Principles that are at the basis of a deep neural network architecture
Training young minds is one of the Itility’s core values. So, in addition to running a Young Professional Program, we engage in a number of activities to allow students and young graduates to learn more about data science. So recently we co-lectured with dr. Anna Wilbik at the Faculty of Industrial Engineering and Innovation Sciences, TU Eindhoven.
Prof. Wilbik teaches a master’s course in business information systems management and explains in the series of lectures how developments in technology can serve businesses – which includes an introduction to neural networks, their principles, and practical uses.
As one of Itility’s data scientists, I joined prof. Wilbik’s lecture on neural networks to showcase some of the projects we carried out at Itility that employ deep learning.
Prof. Wilbik already introduced the concept behind a shallow neural network, so I could build on this knowledge and easily explain the principles that are at the basis of a deep neural network architecture.
To briefly summarize it here: in the shallow neural network data introduced to the network goes through a single round (hidden layer) of pattern recognition. In contrast, deep neural networks consist of several hidden layers, which can be of a different type, so data goes through multiple pattern recognition processes.
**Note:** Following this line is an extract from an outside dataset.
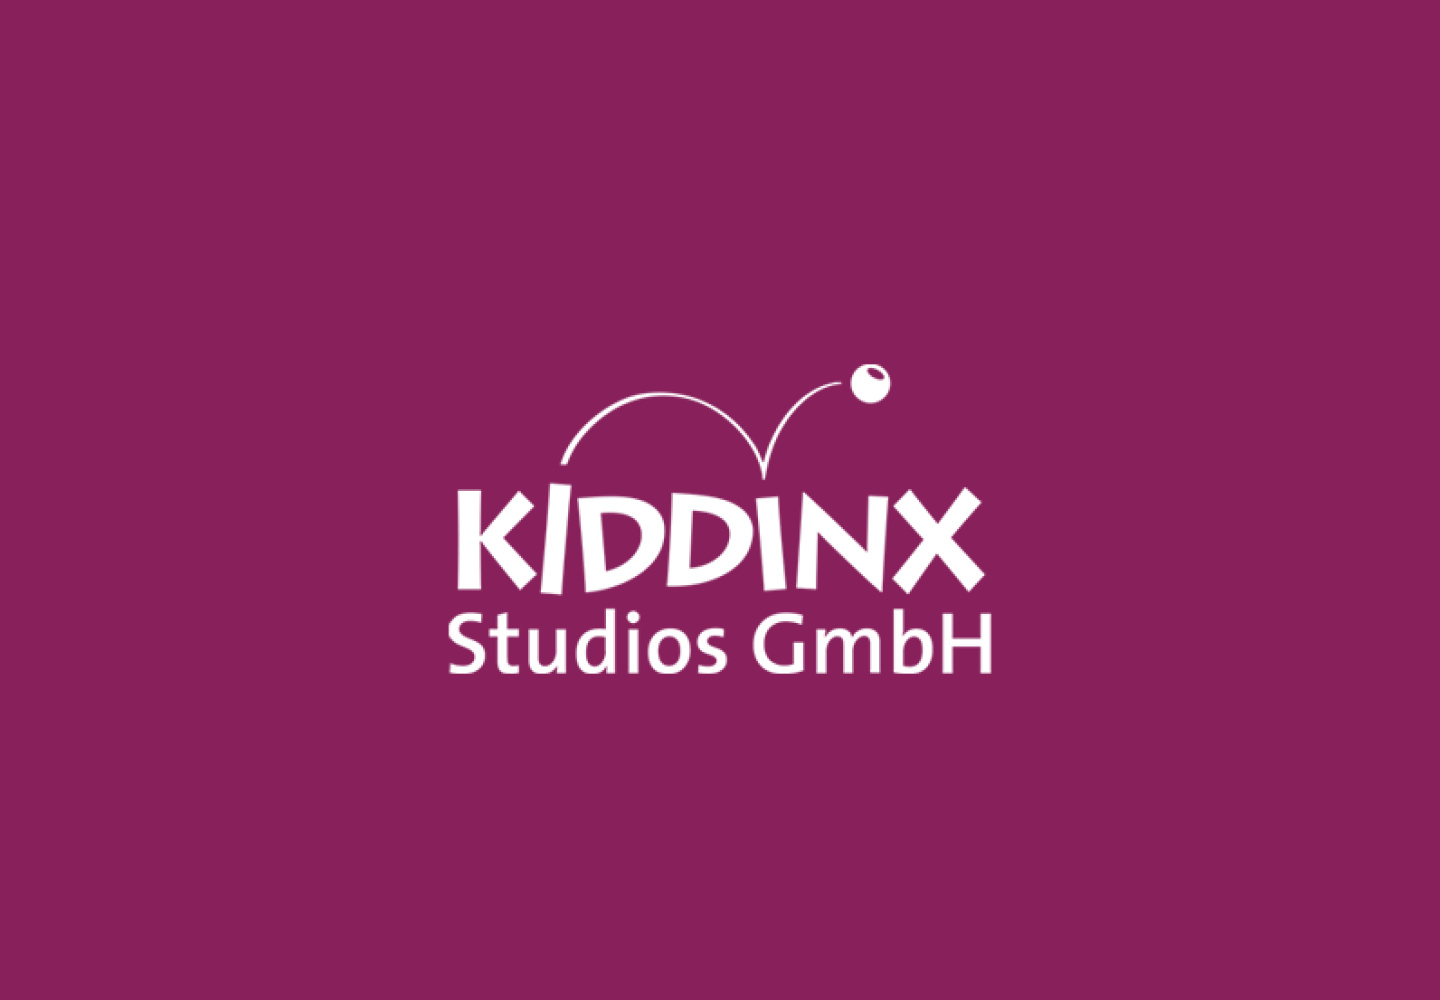 KIDDINX Studios

I specifically mentioned convolution and pooling layers, two common processes used in the networks for image recognition.
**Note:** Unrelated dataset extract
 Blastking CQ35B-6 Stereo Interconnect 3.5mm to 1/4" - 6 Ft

This gave me a chance to smoothly talk towards the first of his practical examples and one of the ongoing projects at Itility.
Project example 1: predicting the quality of tomato seedlings - example of a deep neural network for image recognition
If you follow our blog, you might have already read about this project, as our previous hackathon was organized around it. Briefly, this project started as collaboration with Wageningen University to develop an automation system for scoring quality of the seedlings (which can be interpolated to the seeds quality).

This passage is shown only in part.